Work request: The whole listing is to be written out again exactly; the pictures are not.

The data:
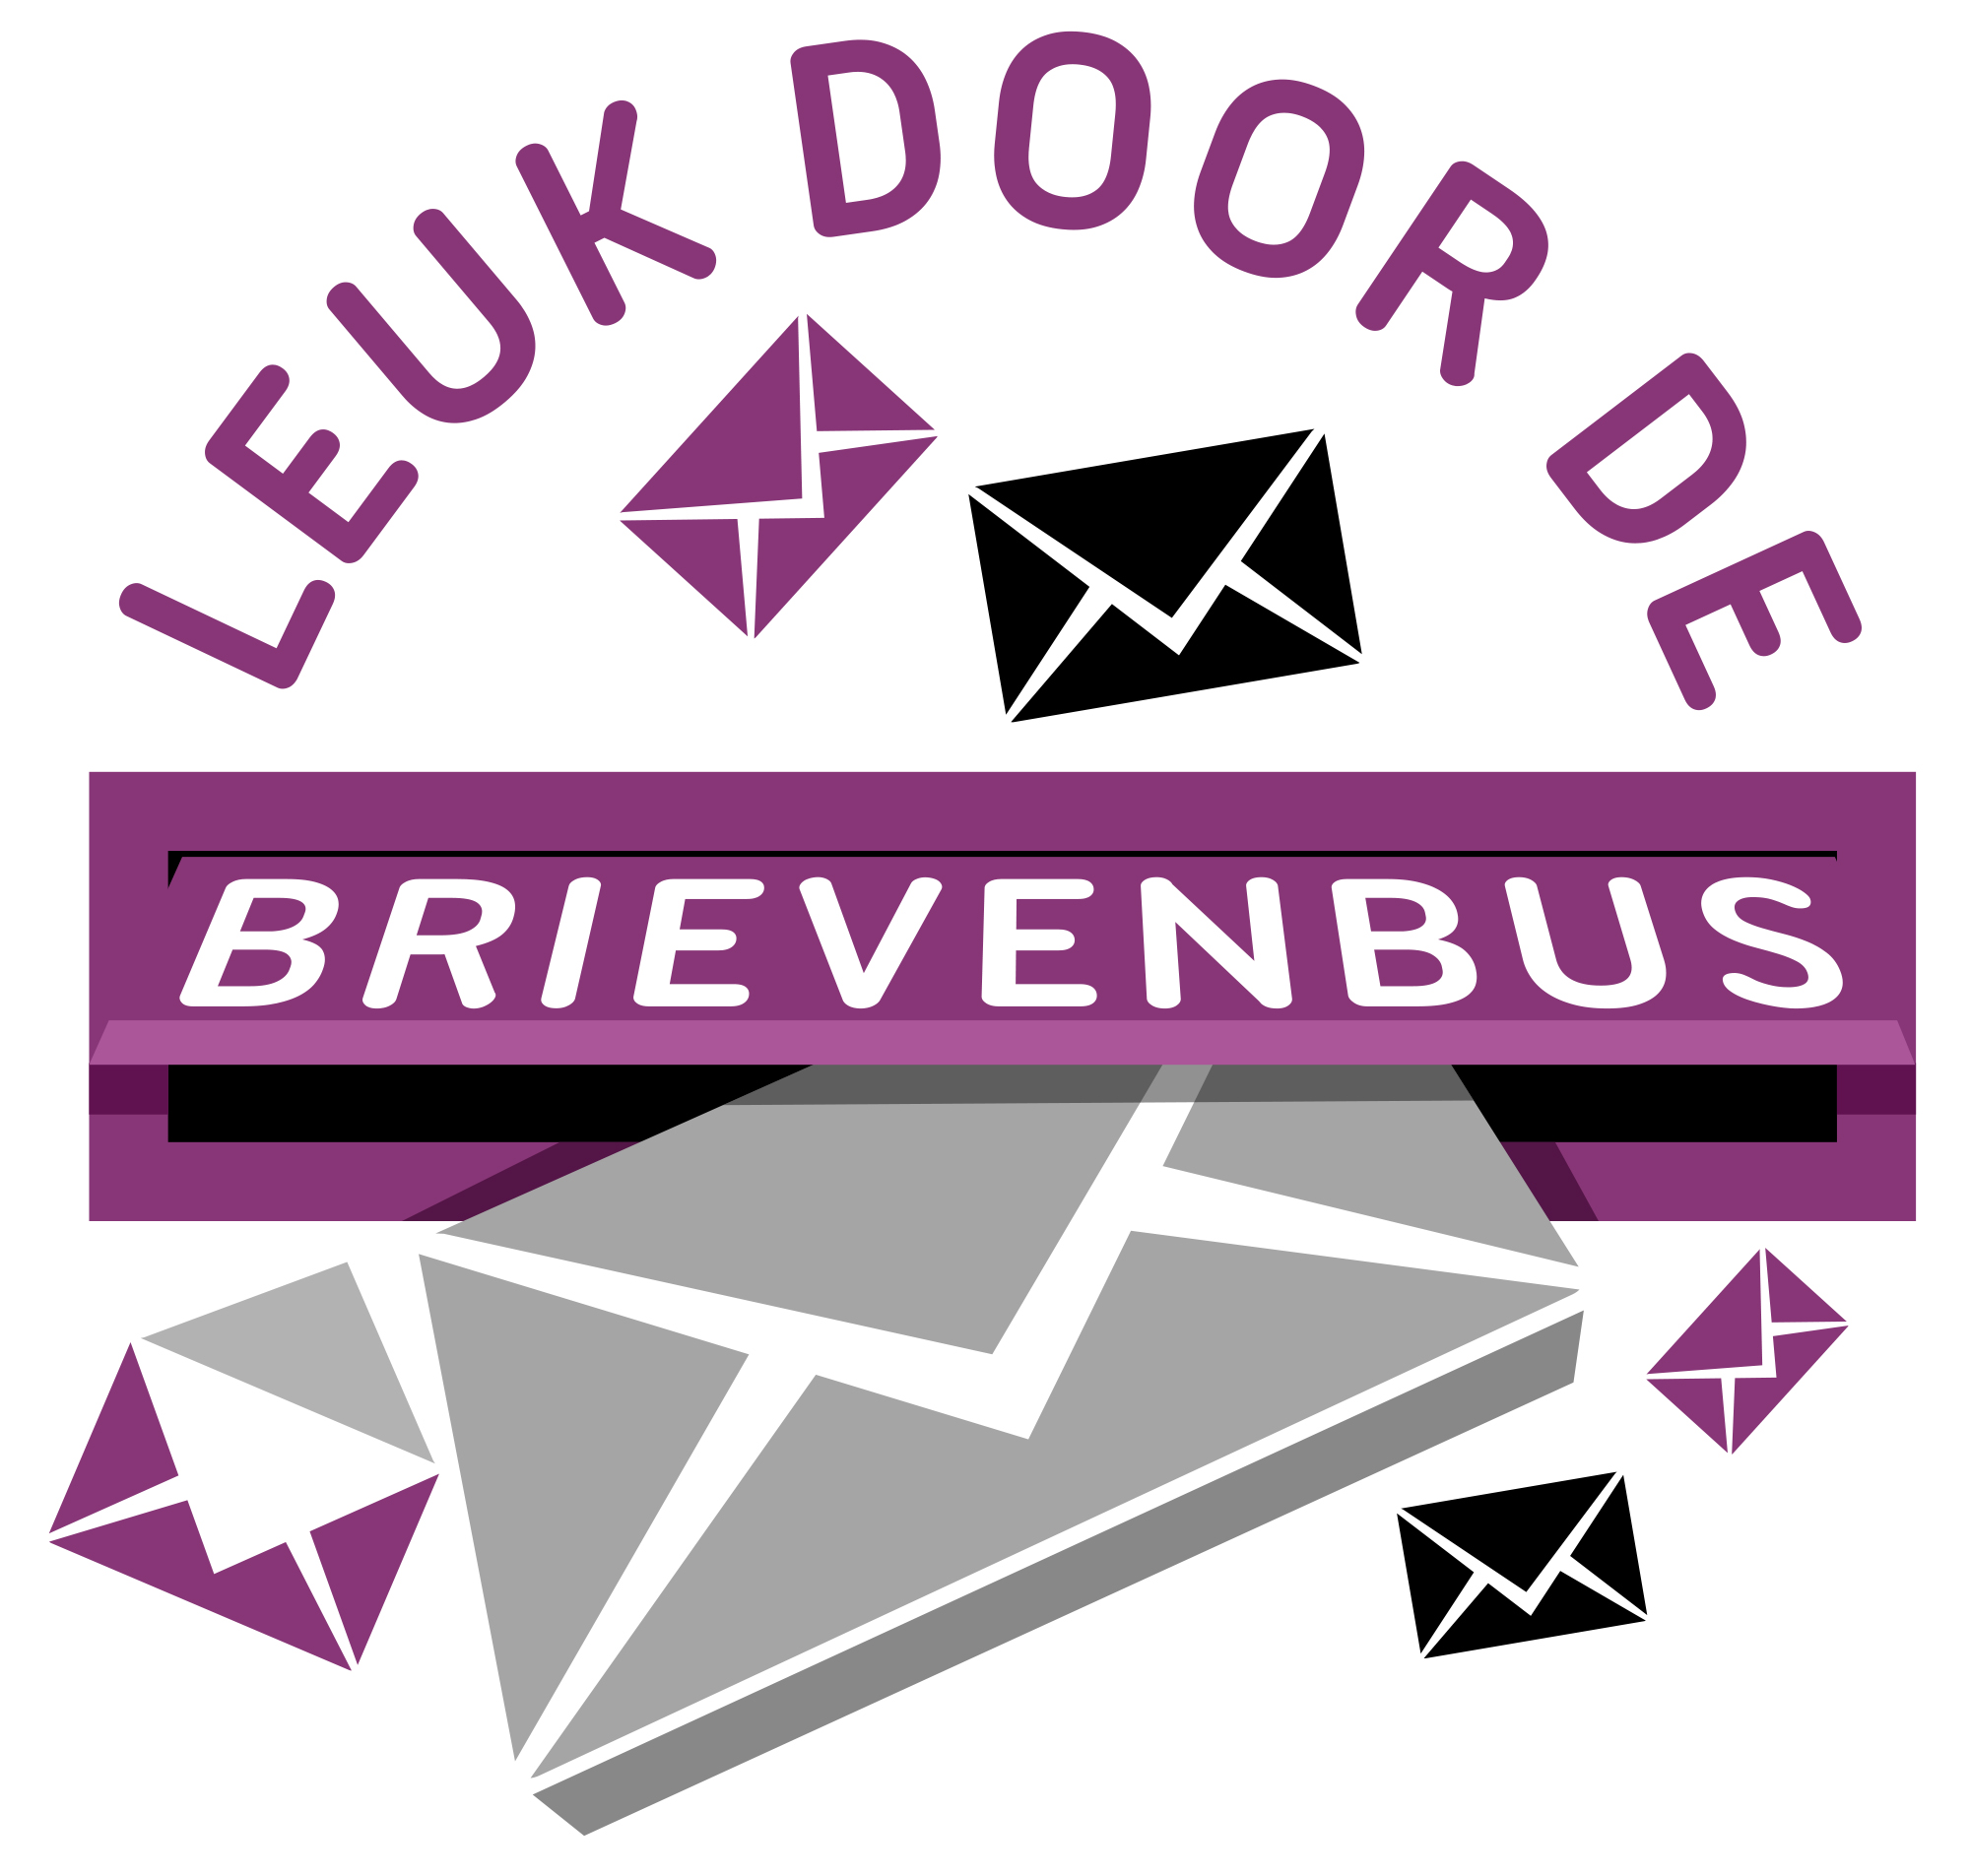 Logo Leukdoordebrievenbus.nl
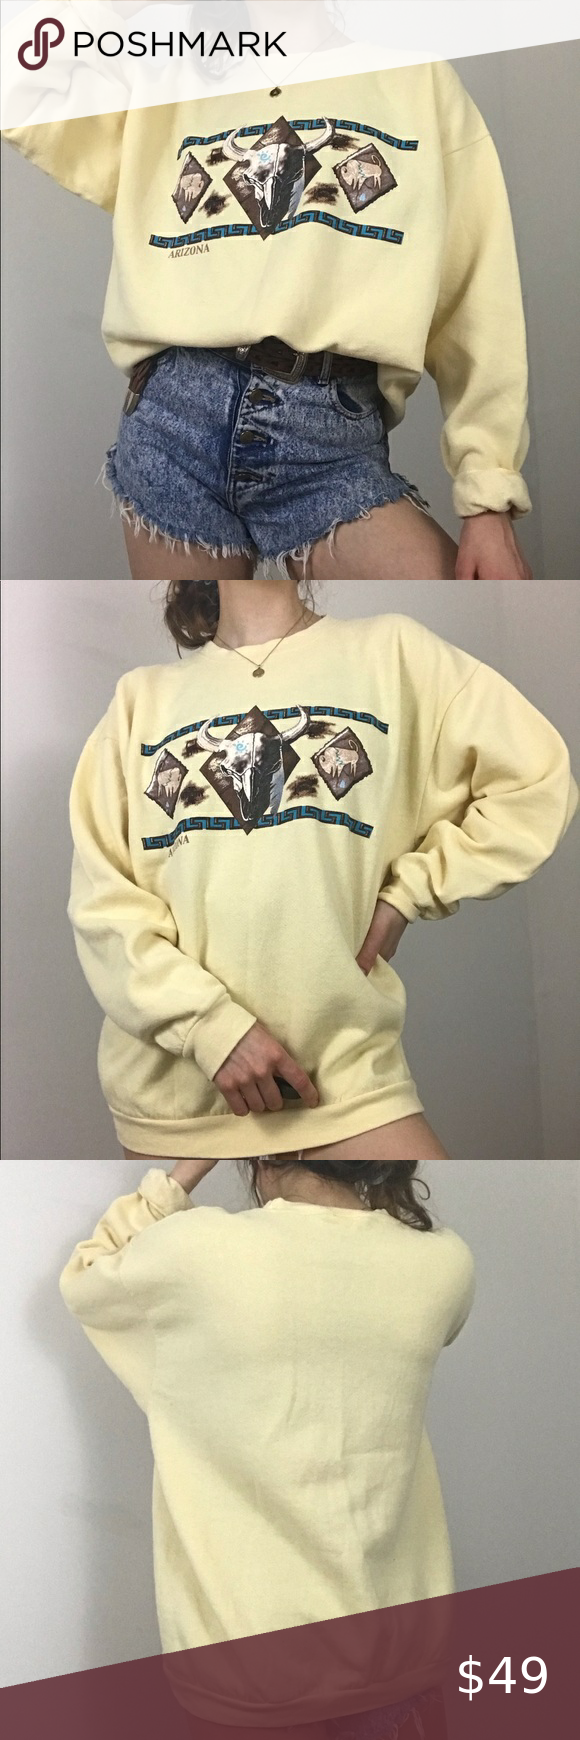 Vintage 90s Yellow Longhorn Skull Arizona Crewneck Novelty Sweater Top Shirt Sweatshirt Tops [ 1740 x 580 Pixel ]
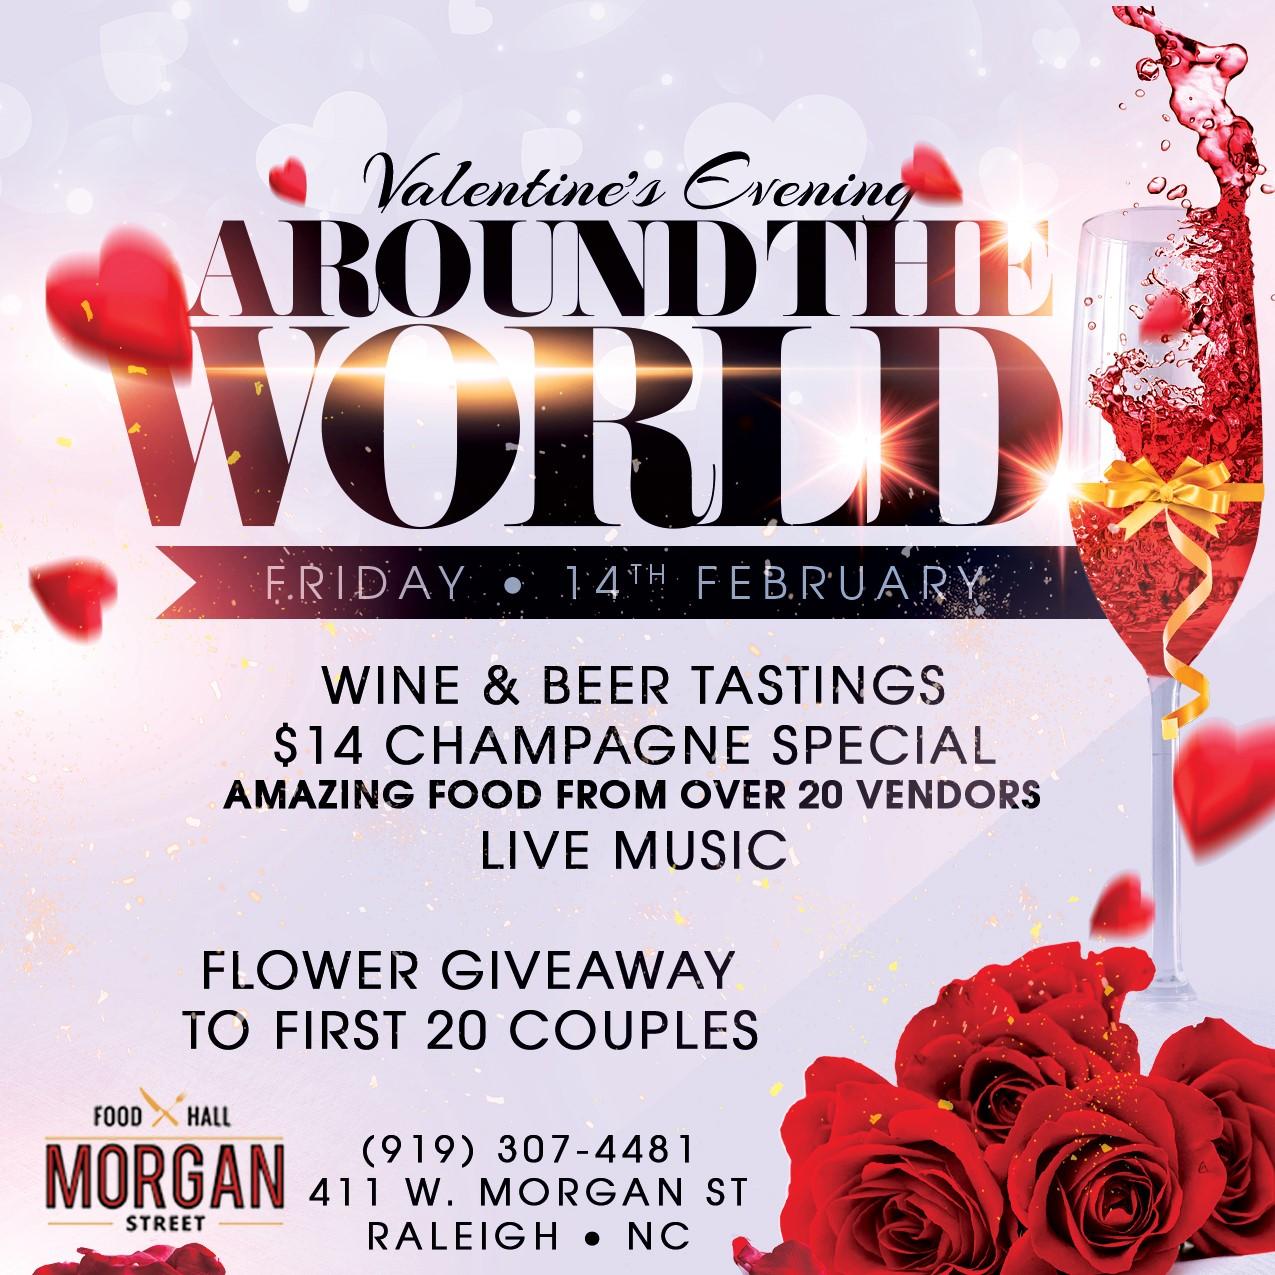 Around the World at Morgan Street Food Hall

Final answer:
 Logo Leukdoordebrievenbus.nl
 Vintage 90s Yellow Longhorn Skull Arizona Crewneck Novelty Sweater Top Shirt Sweatshirt Tops [ 1740 x 580 Pixel ]
 Around the World at Morgan Street Food Hall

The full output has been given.